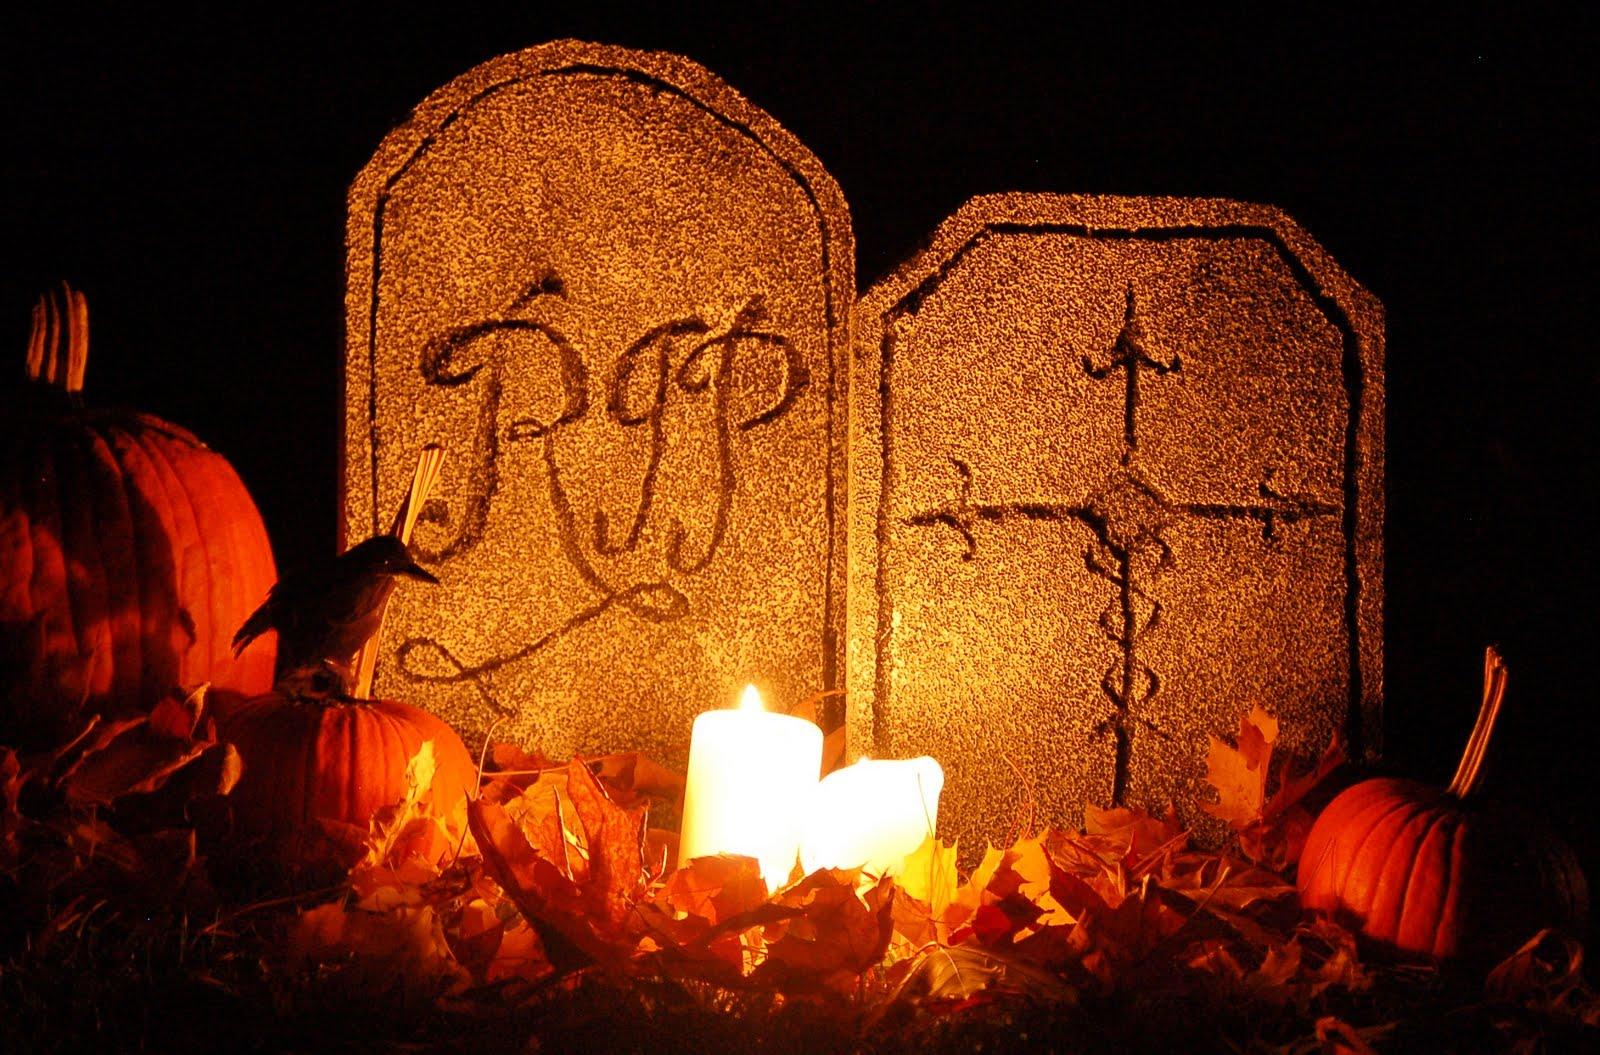 http://2.bp.blogspot.com/-Qm8QBi4WWkI/TlL3gSOTKOI/AAAAAAAAJJ0/APcPqhzqUlk/s1600/Tombstones+-+Beauty+Shot+1.JPG
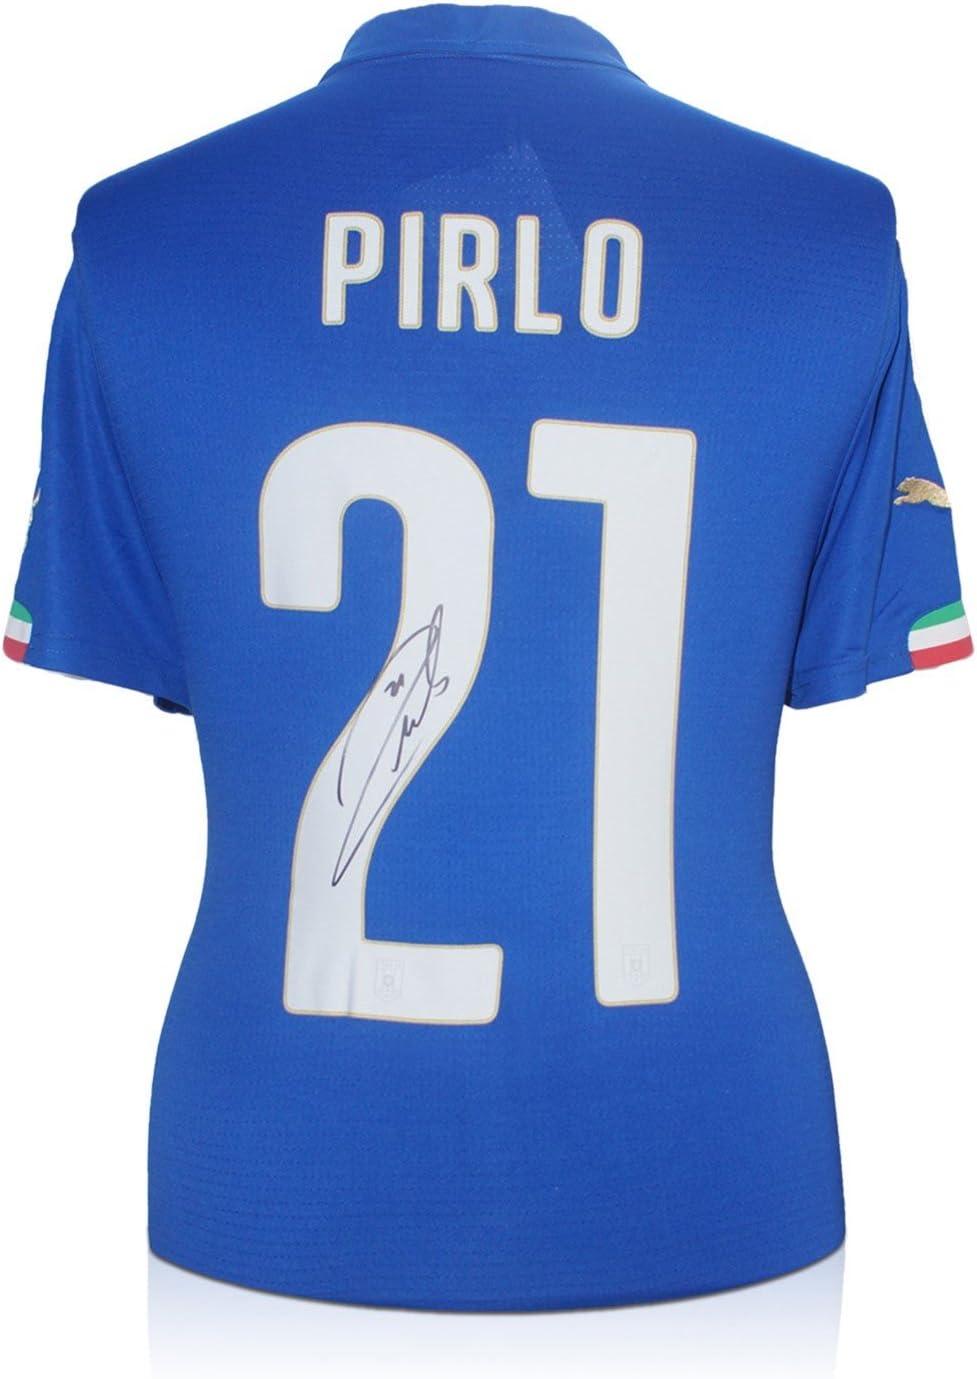 Andrea Pirlo Italia 2014-15 camiseta de fútbol firmada: Amazon.es ...
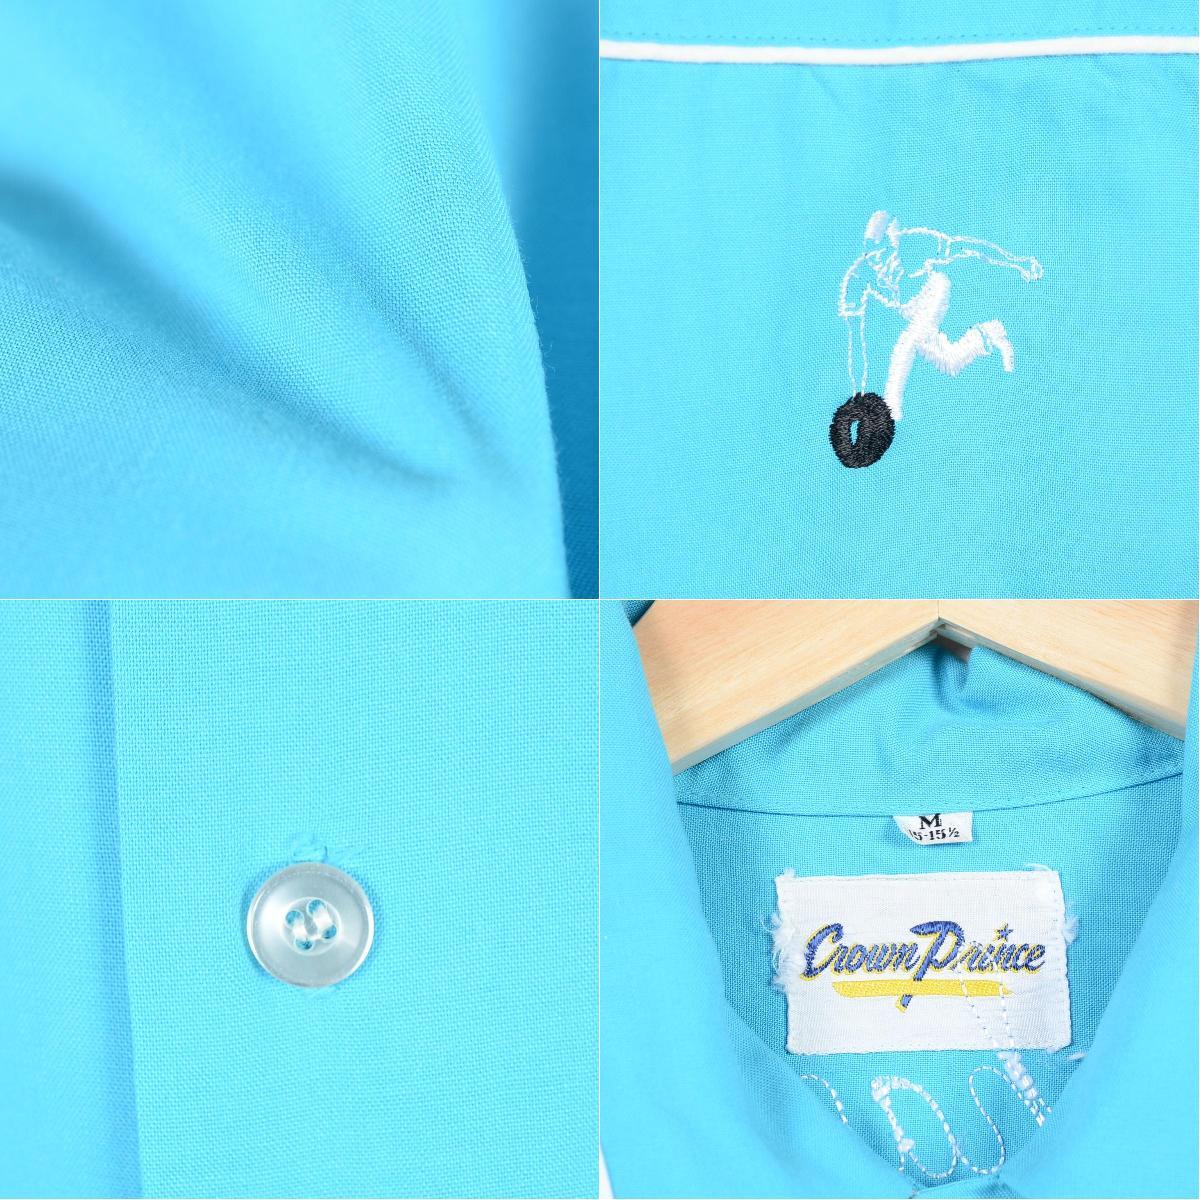 60年代CROWN PRINCE背链子刺绣人造丝保龄球衬衫人L复古/weh9558 150705
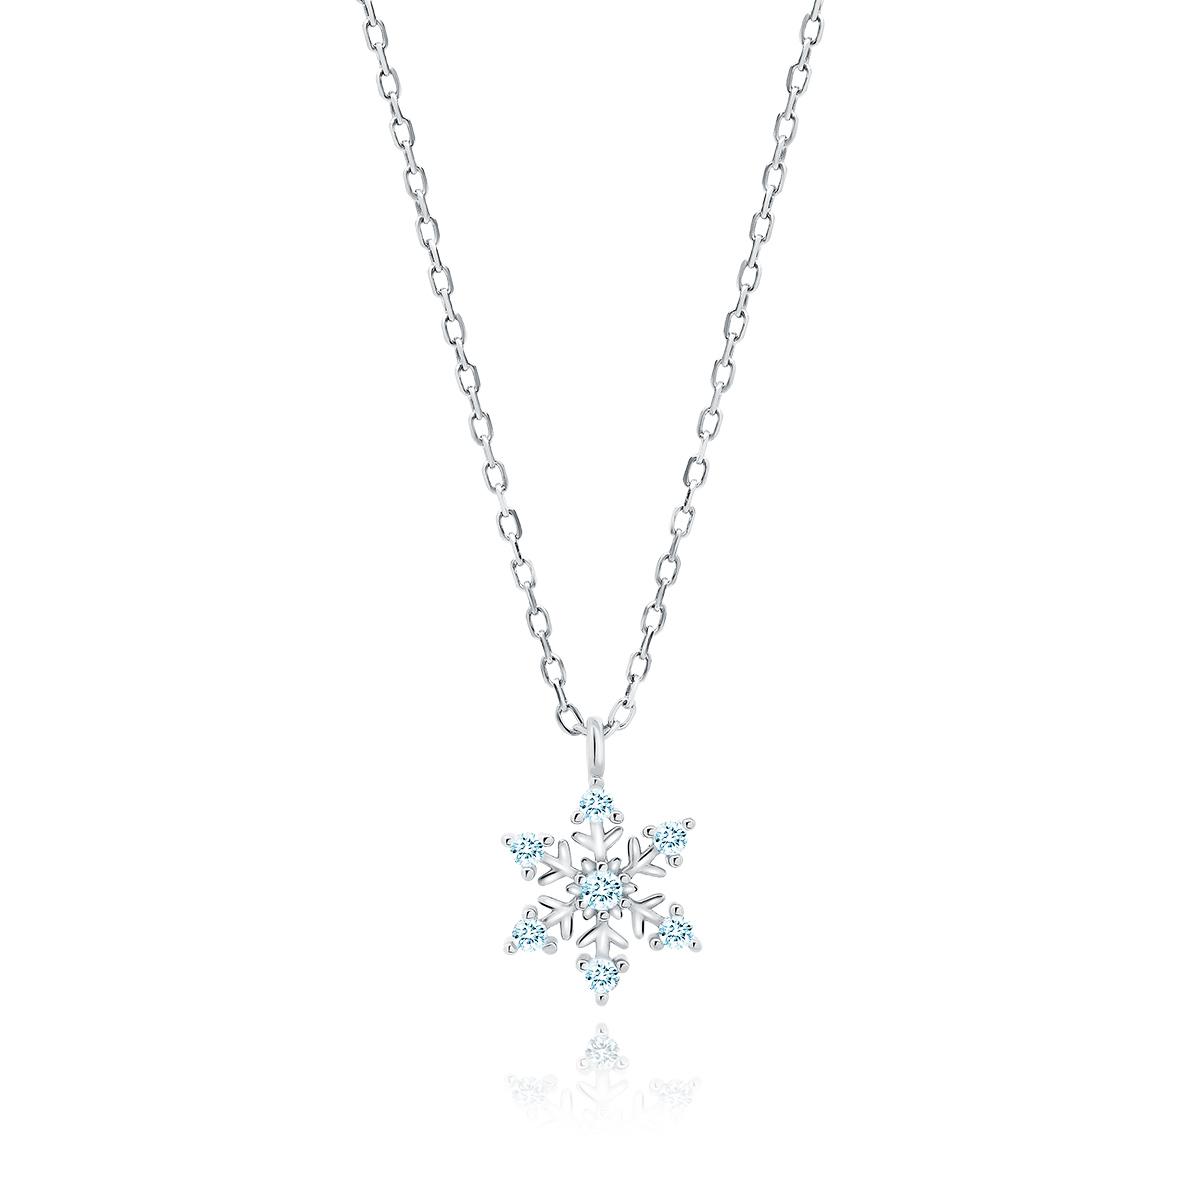 OLIVIE Strieborný náhrdelník MODRÁ SNEHOVÁ VLOČKA 5278 Ag 925; ≤1,6 g.

#### YOUR TASK:
Copy only this, please: the line with "60年代CROWN PRINCE背链子刺绣人造丝保龄球衬衫人L复古/weh9558 150705" and every line after it through the end of the data, with no pictures.

#### ANSWER TO THIS TASK:
 60年代CROWN PRINCE背链子刺绣人造丝保龄球衬衫人L复古/weh9558 150705
 OLIVIE Strieborný náhrdelník MODRÁ SNEHOVÁ VLOČKA 5278 Ag 925; ≤1,6 g.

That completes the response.